▸ **DATA TO USE**
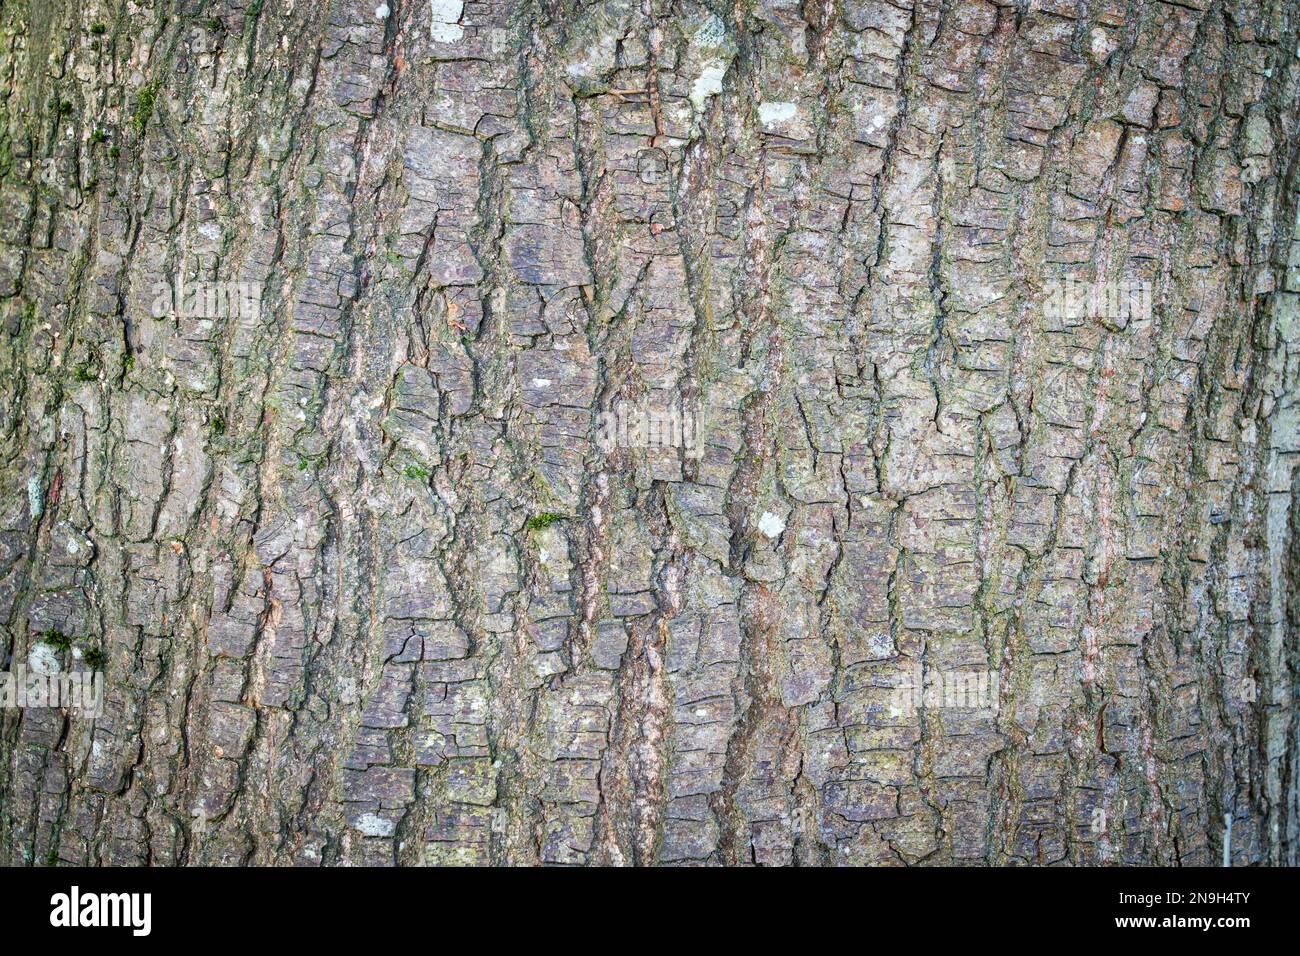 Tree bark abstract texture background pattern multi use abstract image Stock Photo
* * *
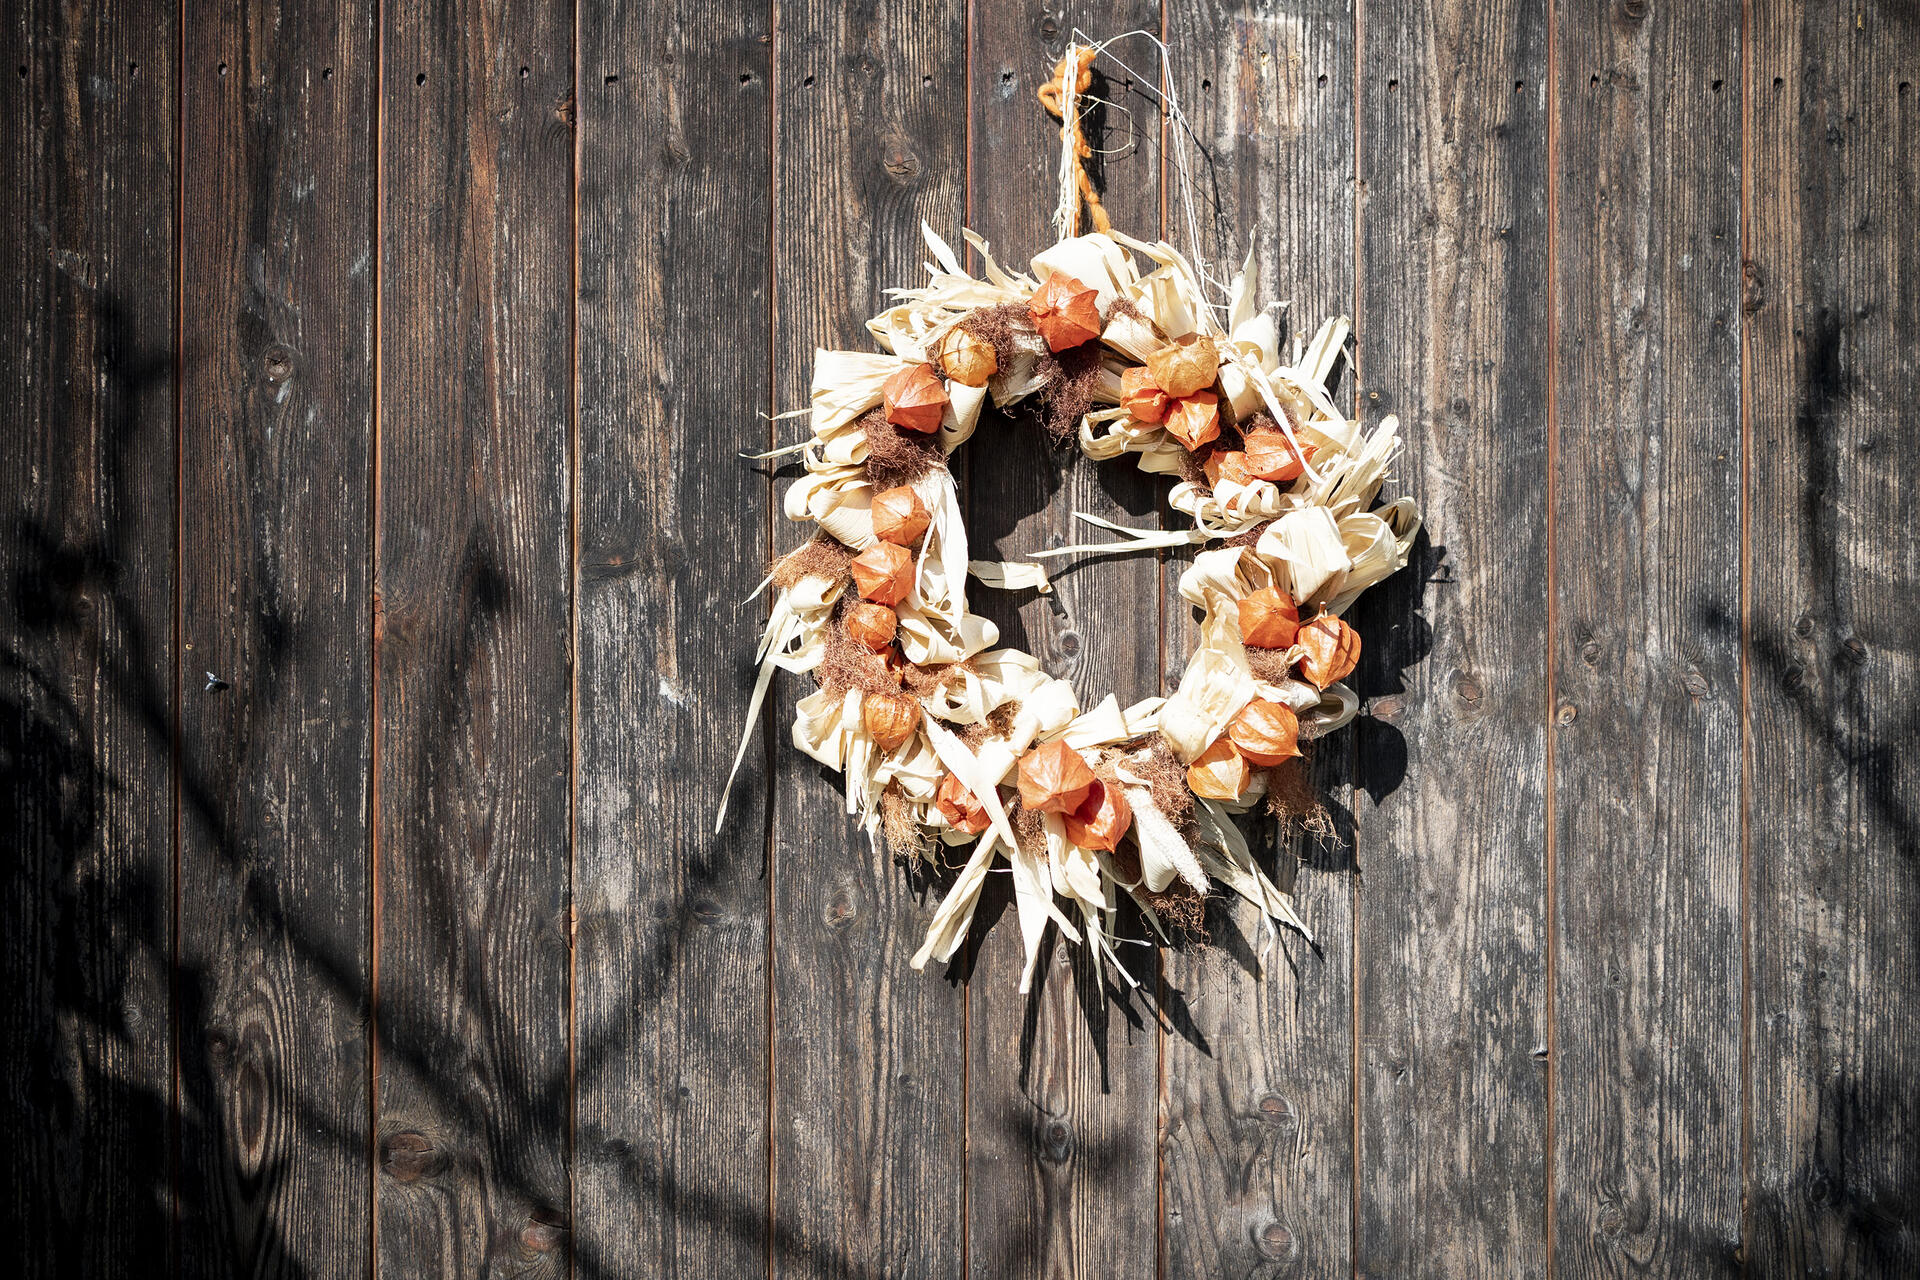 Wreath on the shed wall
==
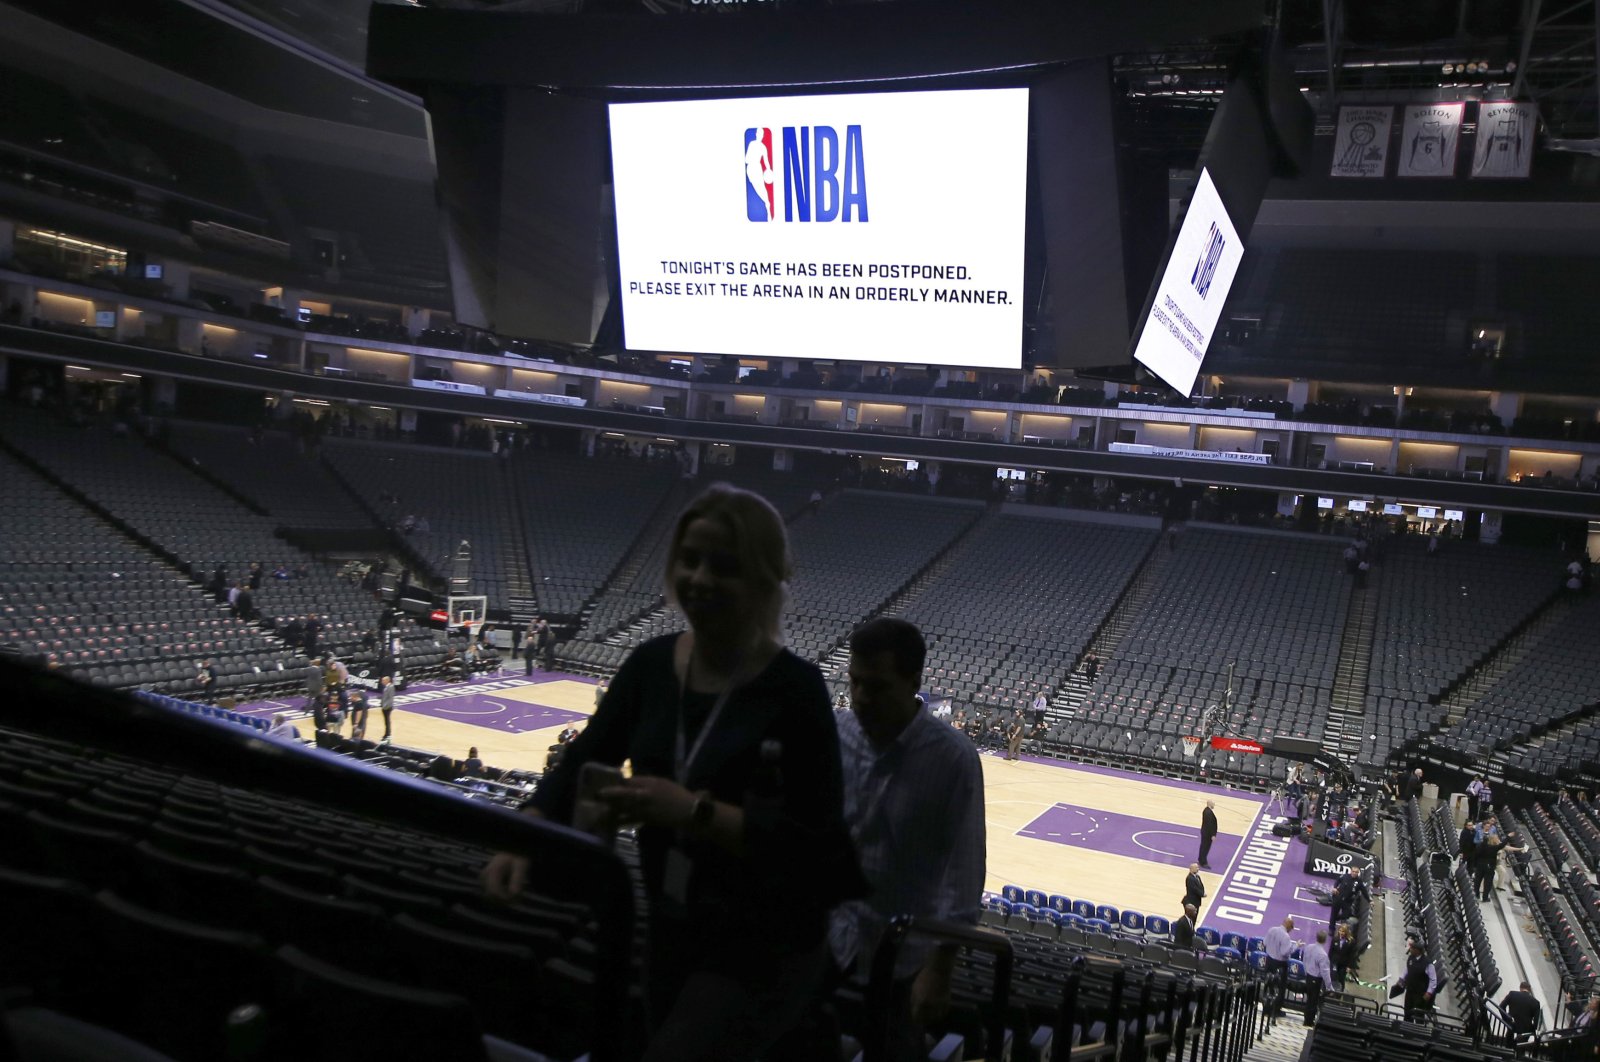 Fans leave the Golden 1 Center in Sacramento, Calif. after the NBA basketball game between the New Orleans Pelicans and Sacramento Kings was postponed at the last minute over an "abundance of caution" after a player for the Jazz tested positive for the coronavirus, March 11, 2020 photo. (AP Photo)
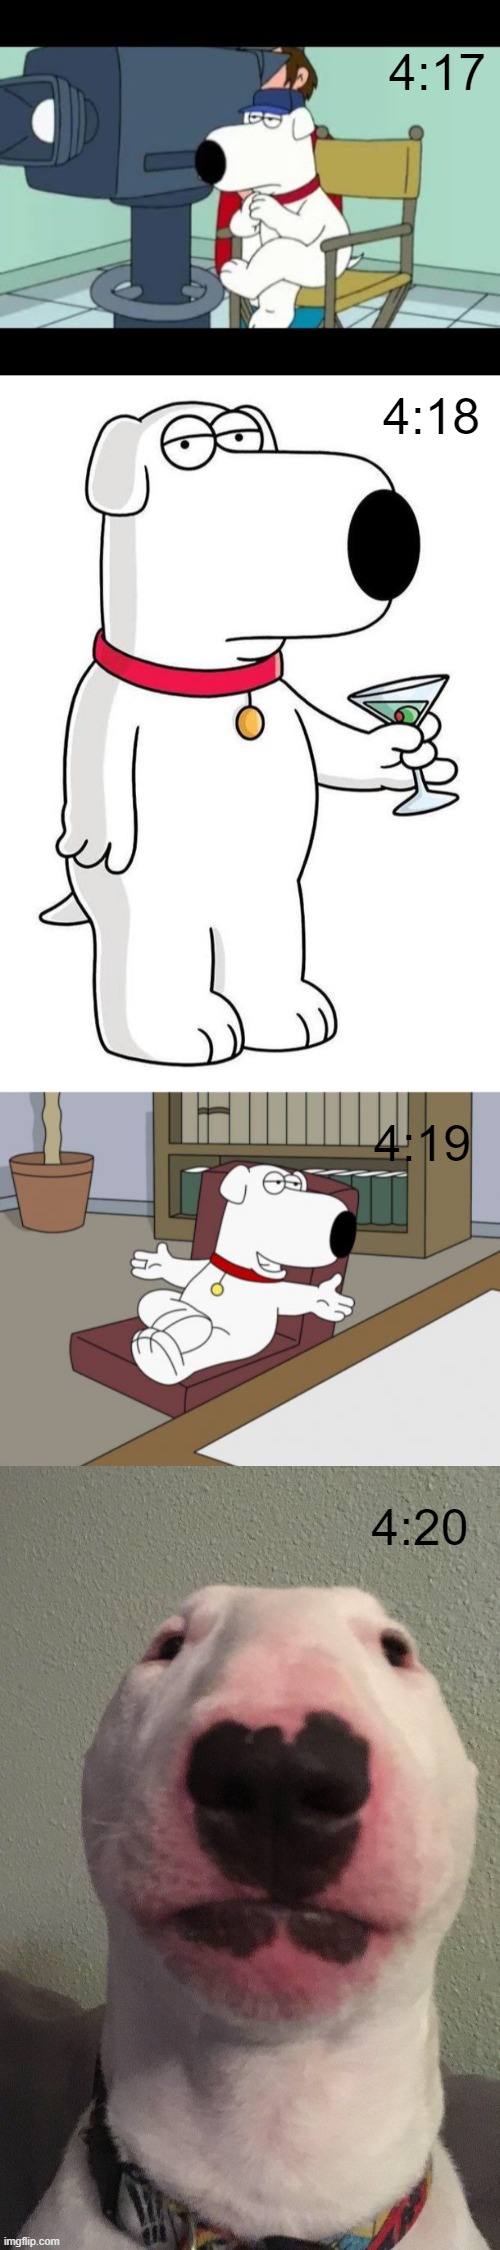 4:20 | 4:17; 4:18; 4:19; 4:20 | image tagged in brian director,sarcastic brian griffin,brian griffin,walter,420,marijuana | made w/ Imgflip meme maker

▸ **PROBLEM DETAILS**
Using the entries above, write out exactly the lines from the one with "Fans leave the" through the one with "4:20 | 4:17;", ends included. Leave out any pictures.

▸ **ANSWER SECTION**
 Fans leave the Golden 1 Center in Sacramento, Calif. after the NBA basketball game between the New Orleans Pelicans and Sacramento Kings was postponed at the last minute over an "abundance of caution" after a player for the Jazz tested positive for the coronavirus, March 11, 2020 photo. (AP Photo)
 4:20 | 4:17; 4:18; 4:19; 4:20 | image tagged in brian director,sarcastic brian griffin,brian griffin,walter,420,marijuana | made w/ Imgflip meme maker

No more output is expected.